These days, most of the hacks that were developed for the older Tivos have been rolled into current production models so there's very little need to hack them anymore. Frankly, Tivos have become rather boring appliances rather than a cool device you could hack and tweak to my heart's delight. HTPCs open up a whole new world of custom tailoring the device anyway I like with far more capabilities than any model Tivo, IMHO.

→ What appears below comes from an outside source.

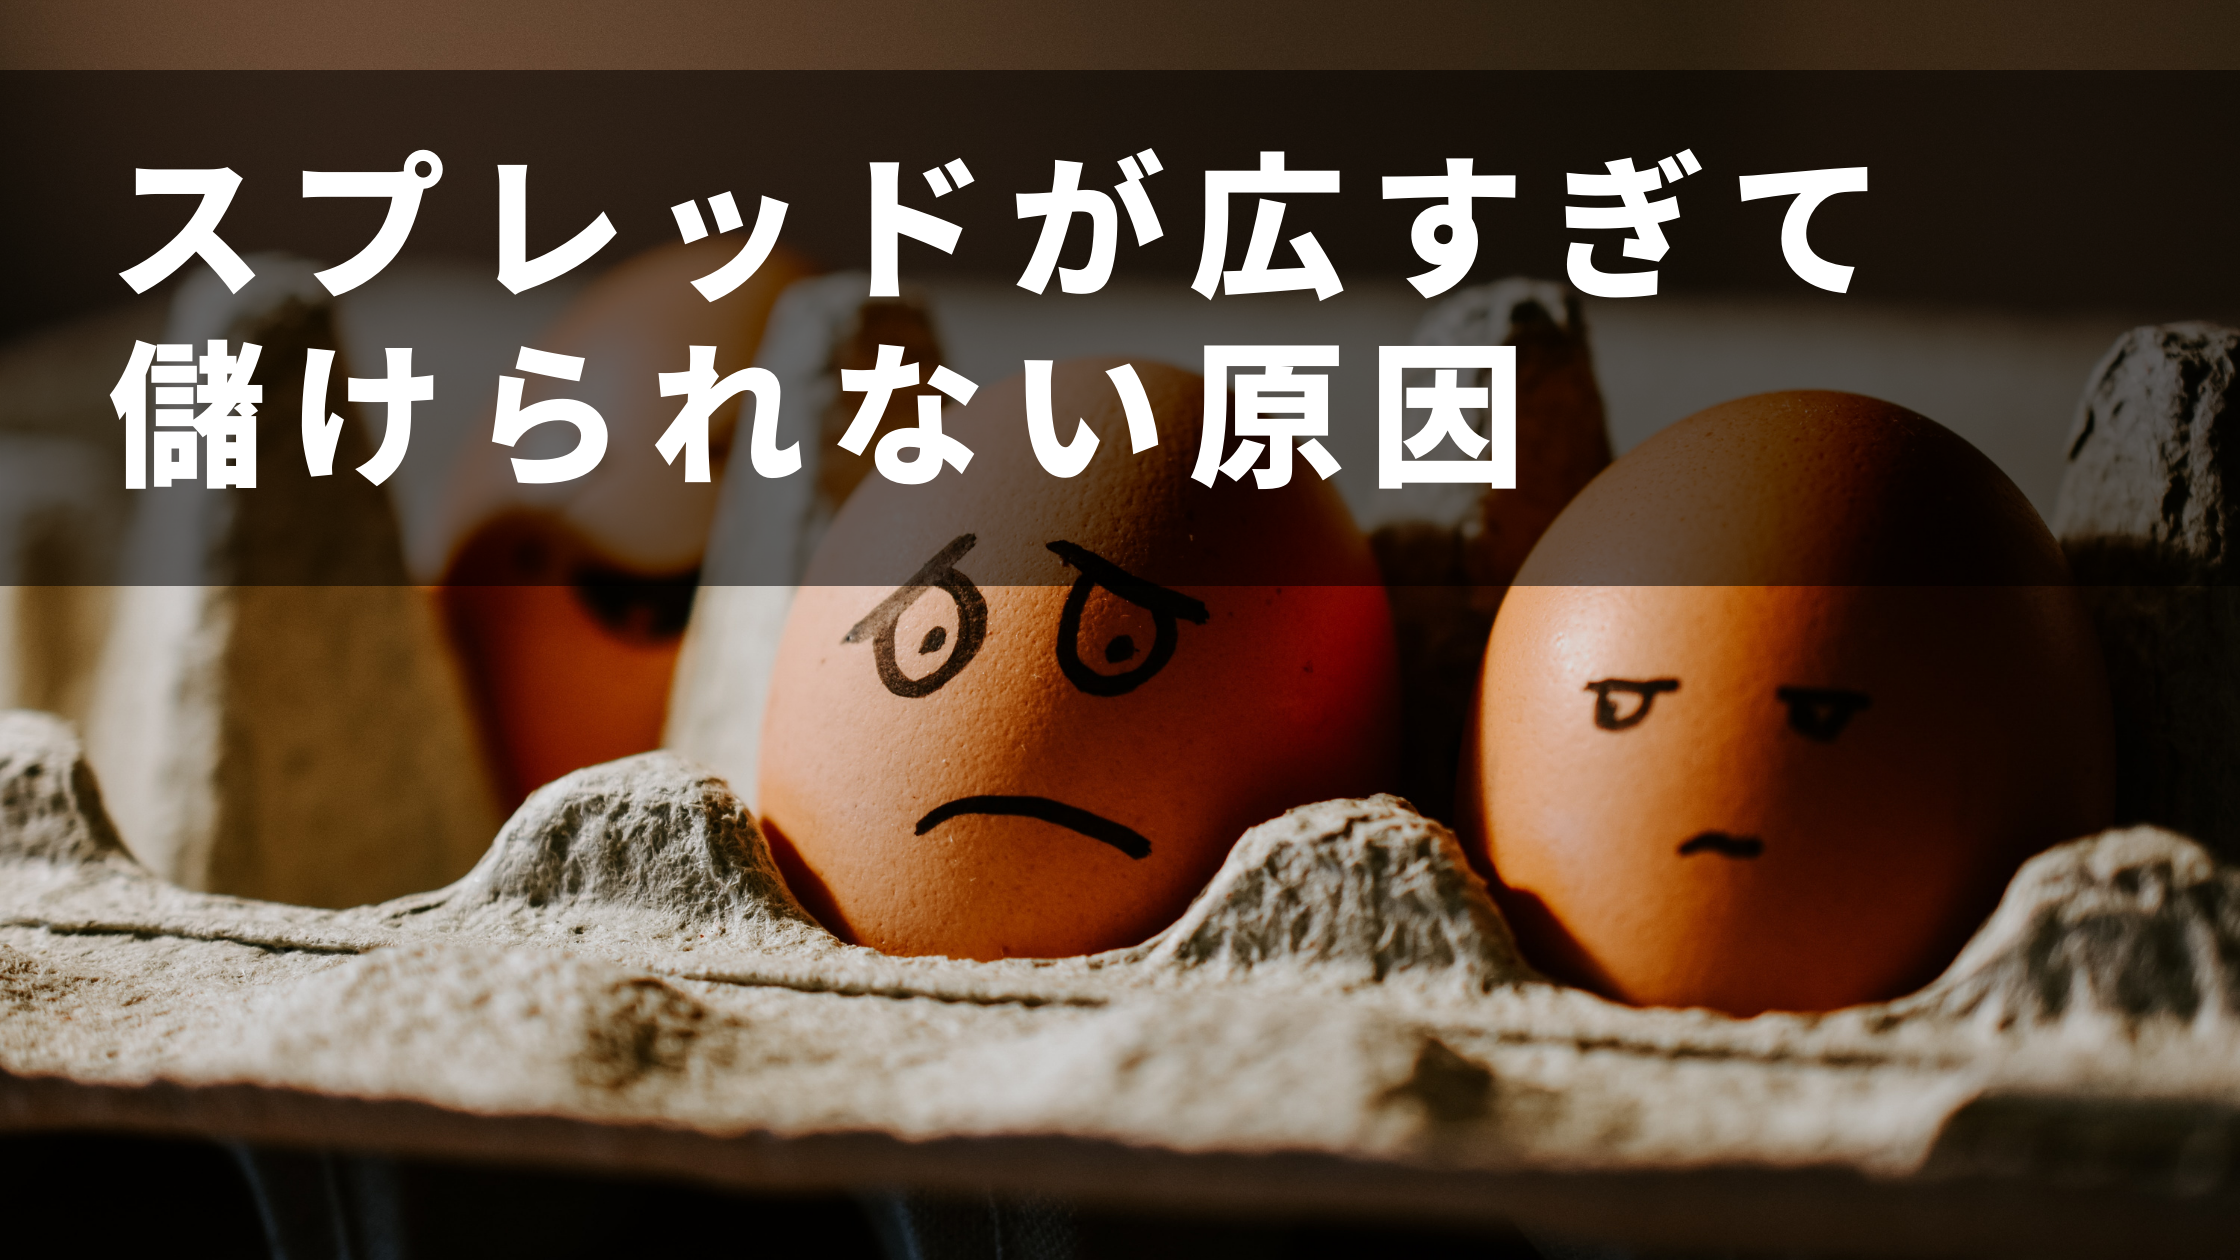 悲しい表情が描かれた卵の写真
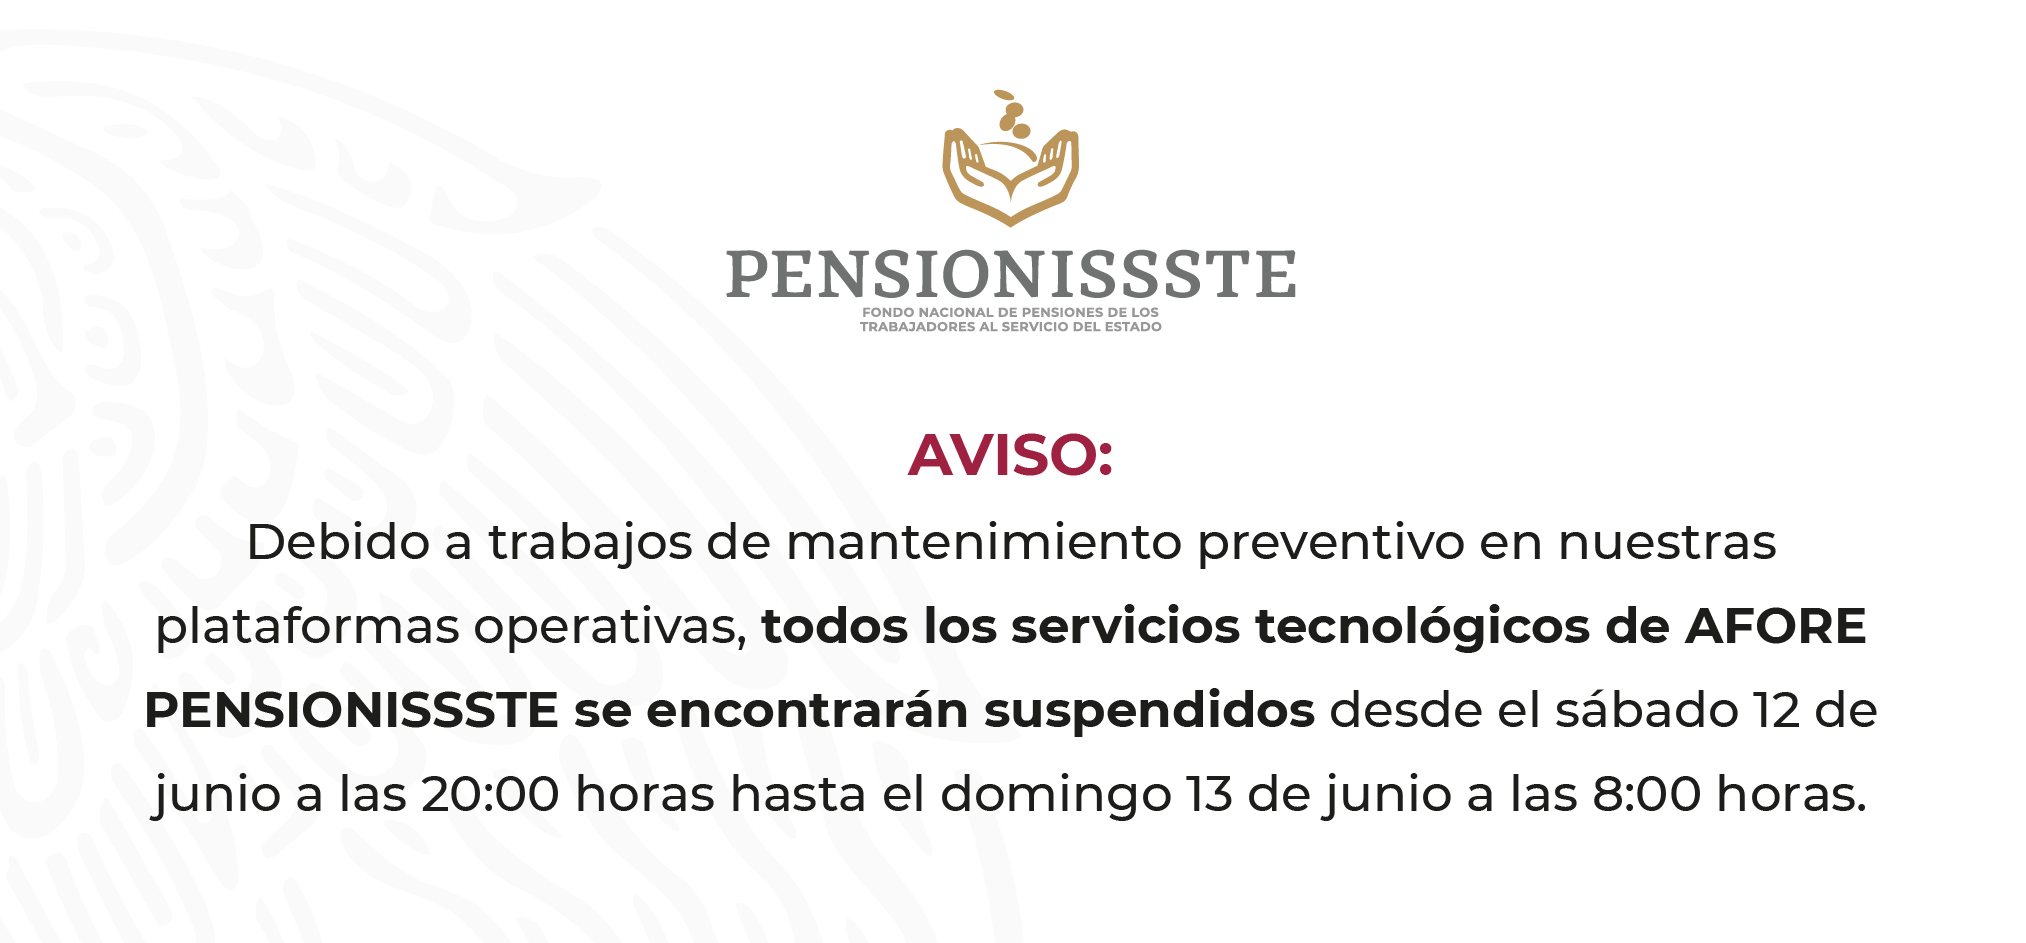 AVISO: Debido a trabajos de mantenimiento preventivo en nuestras plataformas operativas, todos los servicios tecnológicos de AFORE PENSIONISSSTE se encontrarán suspendidos desde el sábado 12 de junio a las 20:00 hasta el domingo 13 de junio a las 8:00

The idea of freeing myself from the Tivo shackles has been quite rewarding. Don't get me wrong because I think Tivos are still the best standalone DVRs available. I just don't like the company and the way they constantly change their business structure, usually for the worse. I haven't seen any meaningful innovations in any current model that would make me want to upgrade from the last remaining S3 I still own. At least with my HTPCs I never have to deal with Tivo customer service. I can't think of a better incentive to own one.


----------



## aaronwt (Jan 31, 2002)

mr.unnatural said:


> That's funny because the very thing you mentioned about local Baltimore and DC stations is what made me start using HTPCs back when I still had DirecTV. DTV only carried a few local stations in one of the two adjacent markets and the only way to get certain locals was via OTA antenna or sign with Comcast. Rather than tie up one or more of my HR10-250 Tivos for recording OTA channels I decided to give HTPCs a try. This was probably somewhere around 2006-2007.
> 
> I can see why Tivos would be attractive to someone if they just want a plug and play box for convenience. I've always been more of a DIYer and take great pleasure in creating things myself. The idea of freeing myself from the Tivo shackles has been quite rewarding. Don't get me wrong because I think Tivos are still the best standalone DVRs available. I just don't like the company and the way they constantly change their business structure, usually for the worse. At least with my HTPCs I never have to deal with Tivo customer service. I can't think of a better incentive to own one.


At the end of 2006 is when I got my first three S3 boxes and got Comcast. I ran Comcast and DirecTV together for six months before dropping DirecTV for good. I would have never left DirecTv if they had continued to support the HR10-250 boxes. But between my OTA antenna and comcast I was covered.

OF course a few months after dropping DirecTV , FiOS came to my development and I swithed to them, dropping Comcast in 2008. And now I rarely use my OTA. Which is why I want to get a second elite. That will leave me with one OTA premiere in case I still need my OTA channels for something.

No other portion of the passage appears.